* _Information supplied_
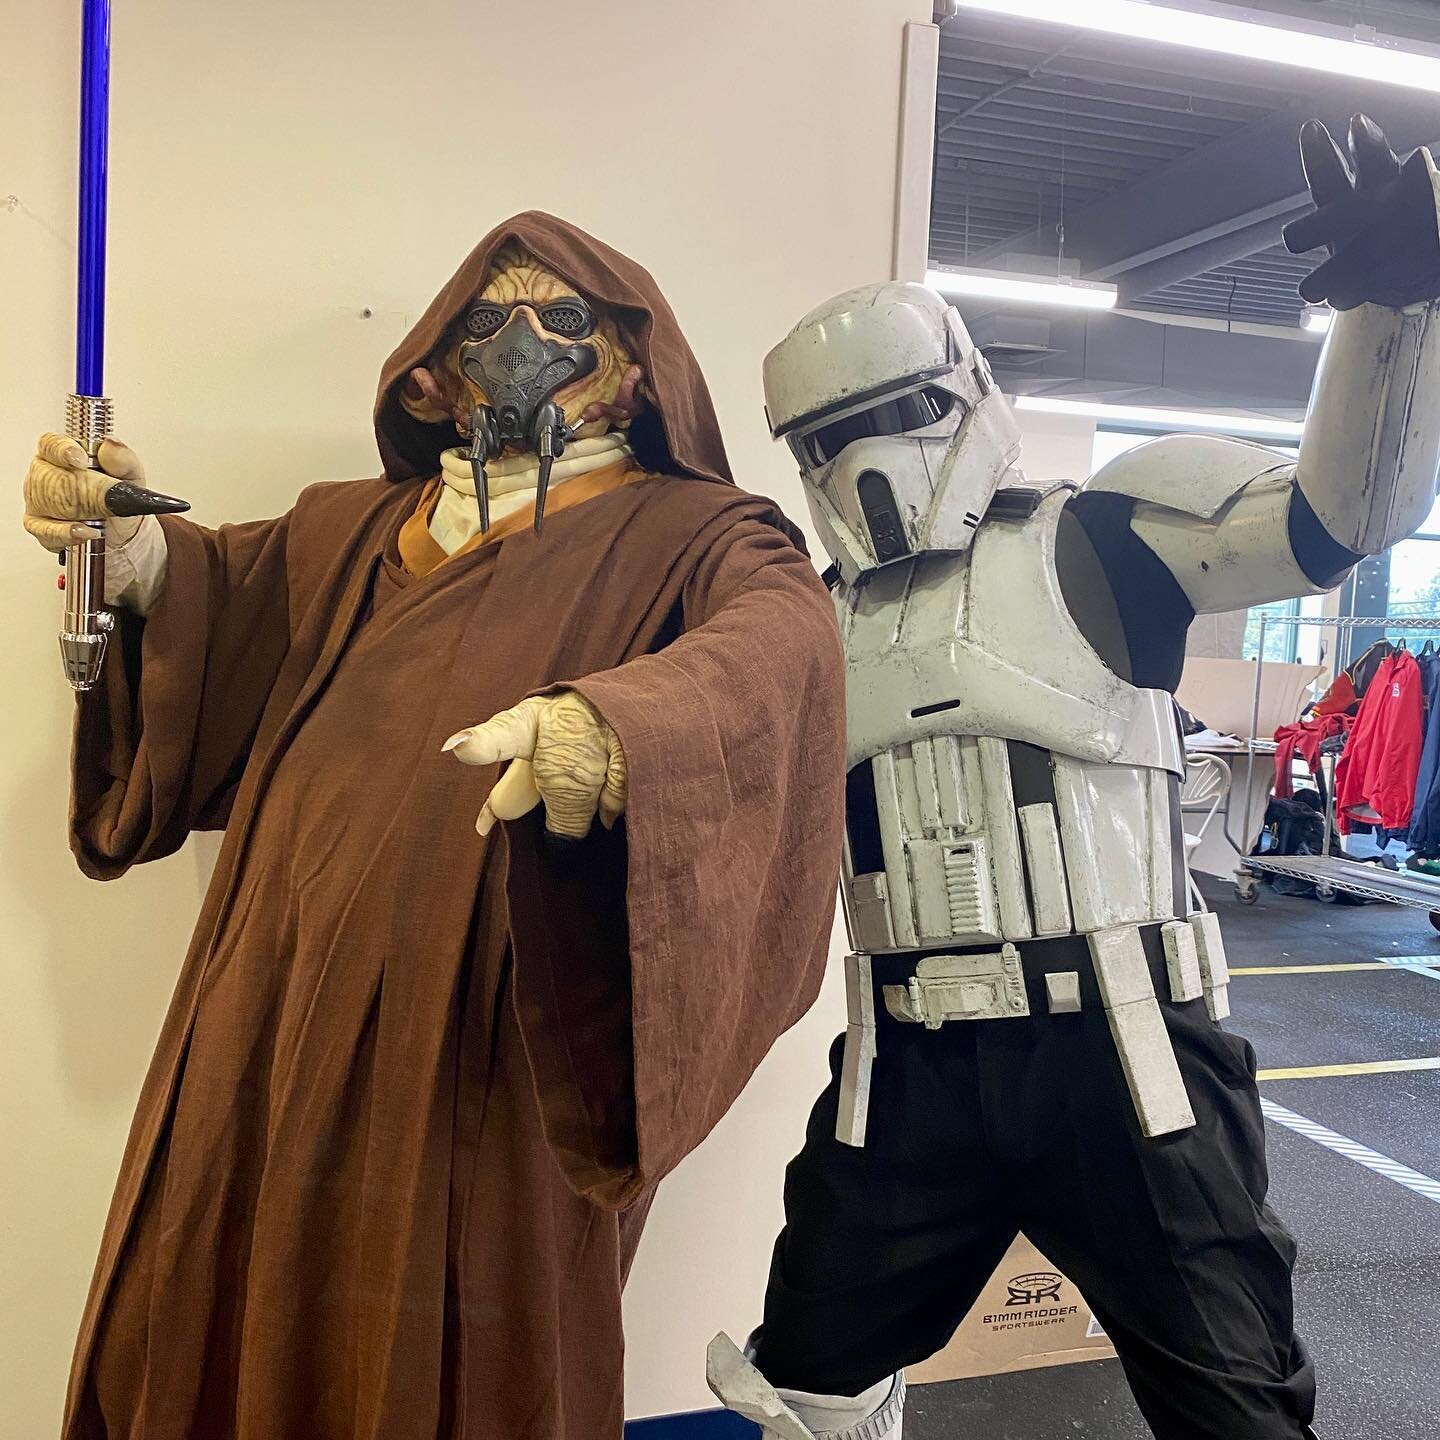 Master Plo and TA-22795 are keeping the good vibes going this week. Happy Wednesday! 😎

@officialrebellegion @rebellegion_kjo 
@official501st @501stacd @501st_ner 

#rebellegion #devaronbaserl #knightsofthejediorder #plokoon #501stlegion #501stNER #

* _Prompt_
If pictures appear in the data, omit them and copy all other parts exactly.

* _Response area_
 Master Plo and TA-22795 are keeping the good vibes going this week. Happy Wednesday! 😎

@officialrebellegion @rebellegion_kjo 
@official501st @501stacd @501st_ner 

#rebellegion #devaronbaserl #knightsofthejediorder #plokoon #501stlegion #501stNER #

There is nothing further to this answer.